[SOURCE MATERIAL]:
::::

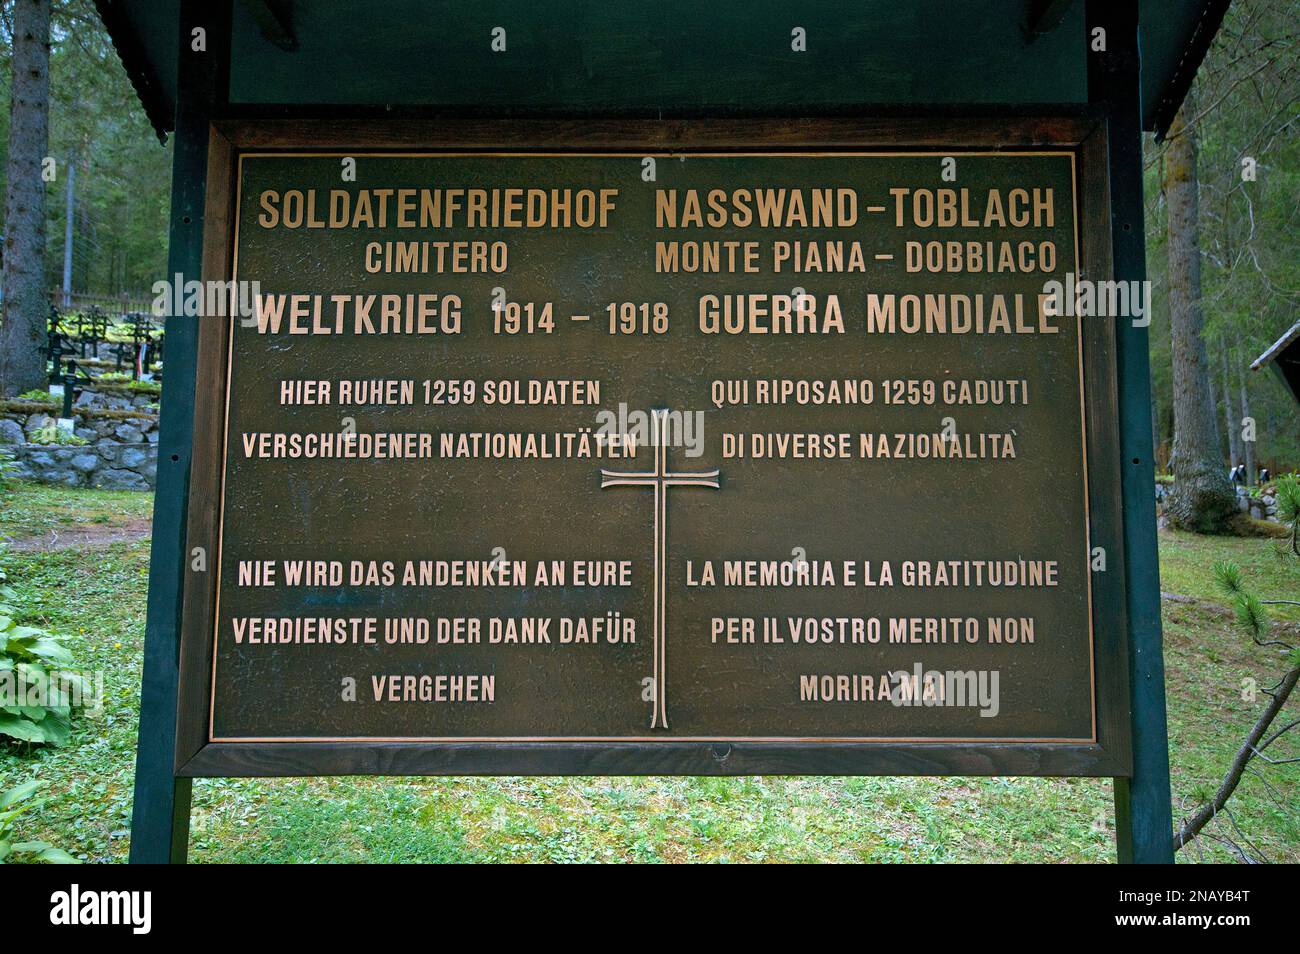 Cimitero Mondiale di Monte piana prima Guerra, Valle di Landro, Dobbiaco, Trentino-Alto Adige, Italia Foto Stock
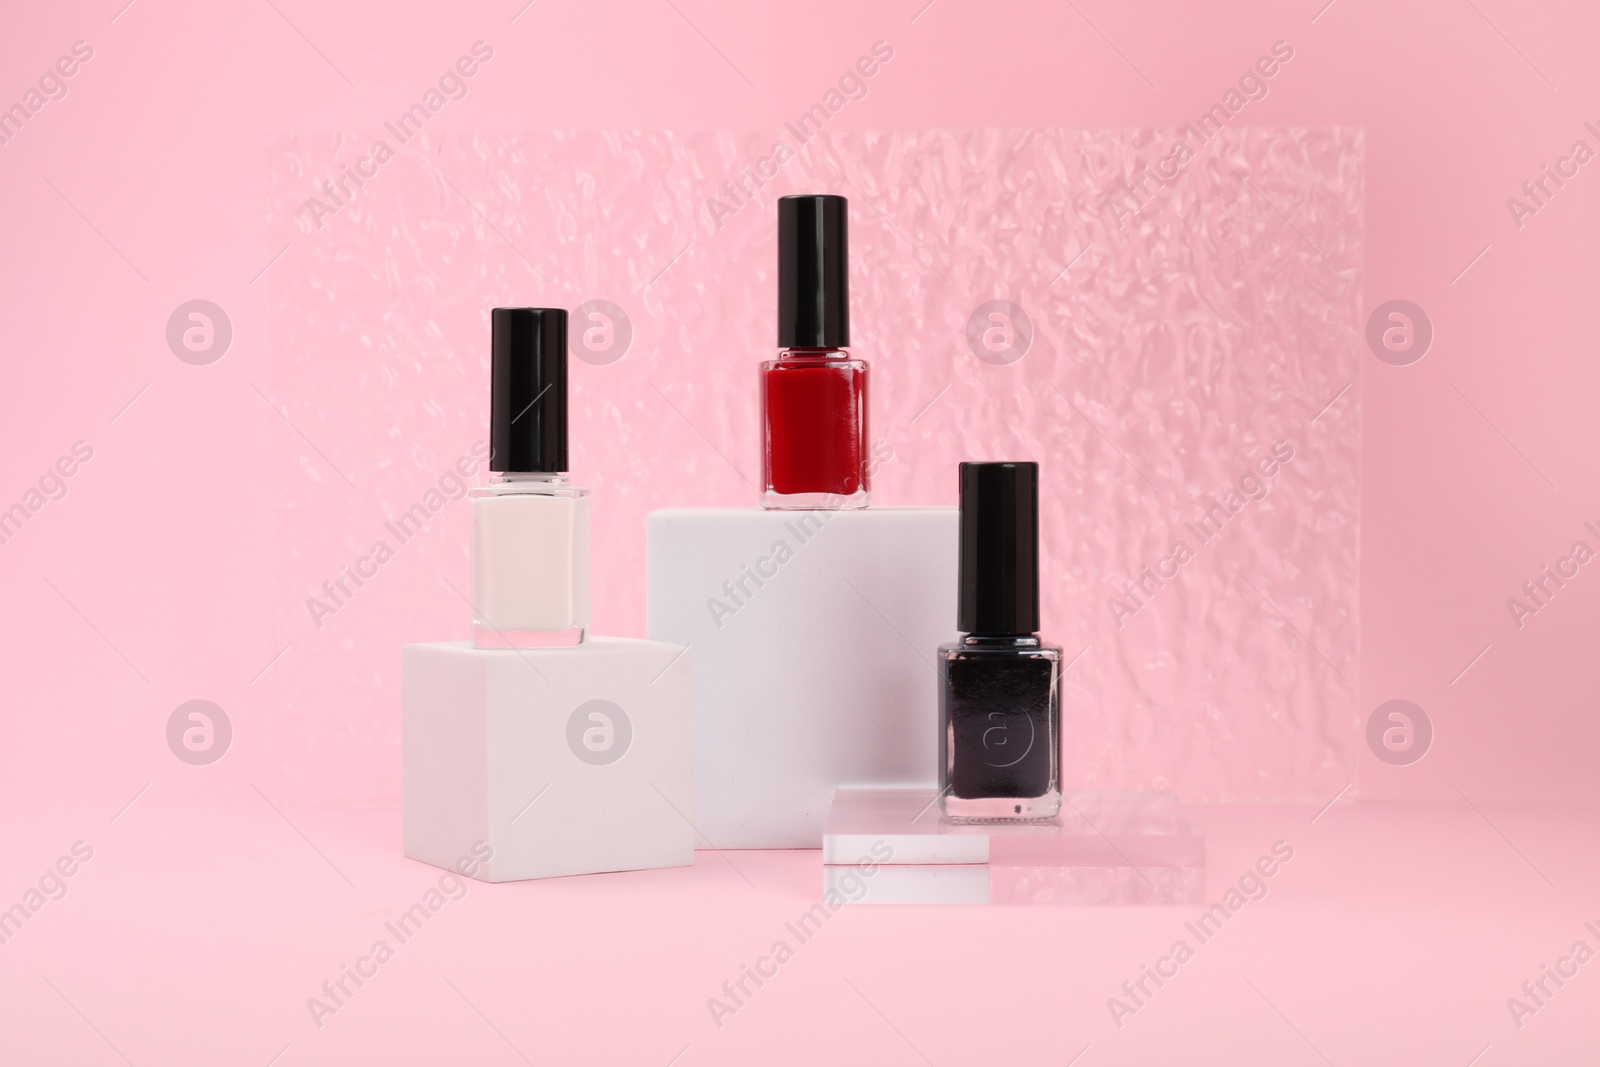 Photo of Stylish presentation of nail polishes on pink background
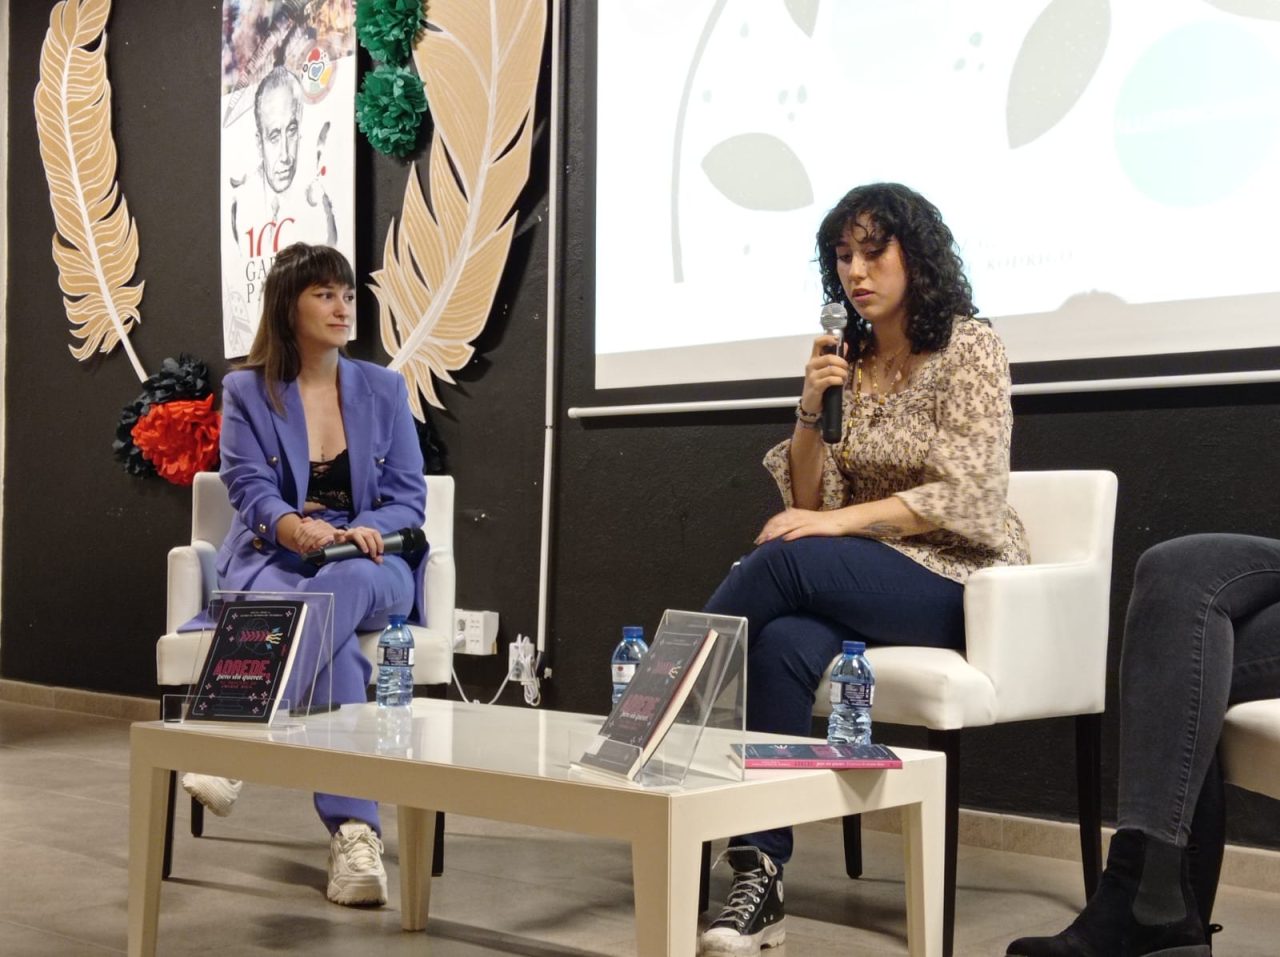 Elena Díaz, poeta de Tomelloso: "La poesía está muy maltratada hoy en día"

::::

[PROBLEM TO SOLVE]:
Please transcribe exactly the lines from the one containing "Photo of Stylish" through the final line of the data, including both, and nothing else. Pictures are to be left out.

[RESULT FOR THIS EXERCISE]:
 Photo of Stylish presentation of nail polishes on pink background
 Elena Díaz, poeta de Tomelloso: "La poesía está muy maltratada hoy en día"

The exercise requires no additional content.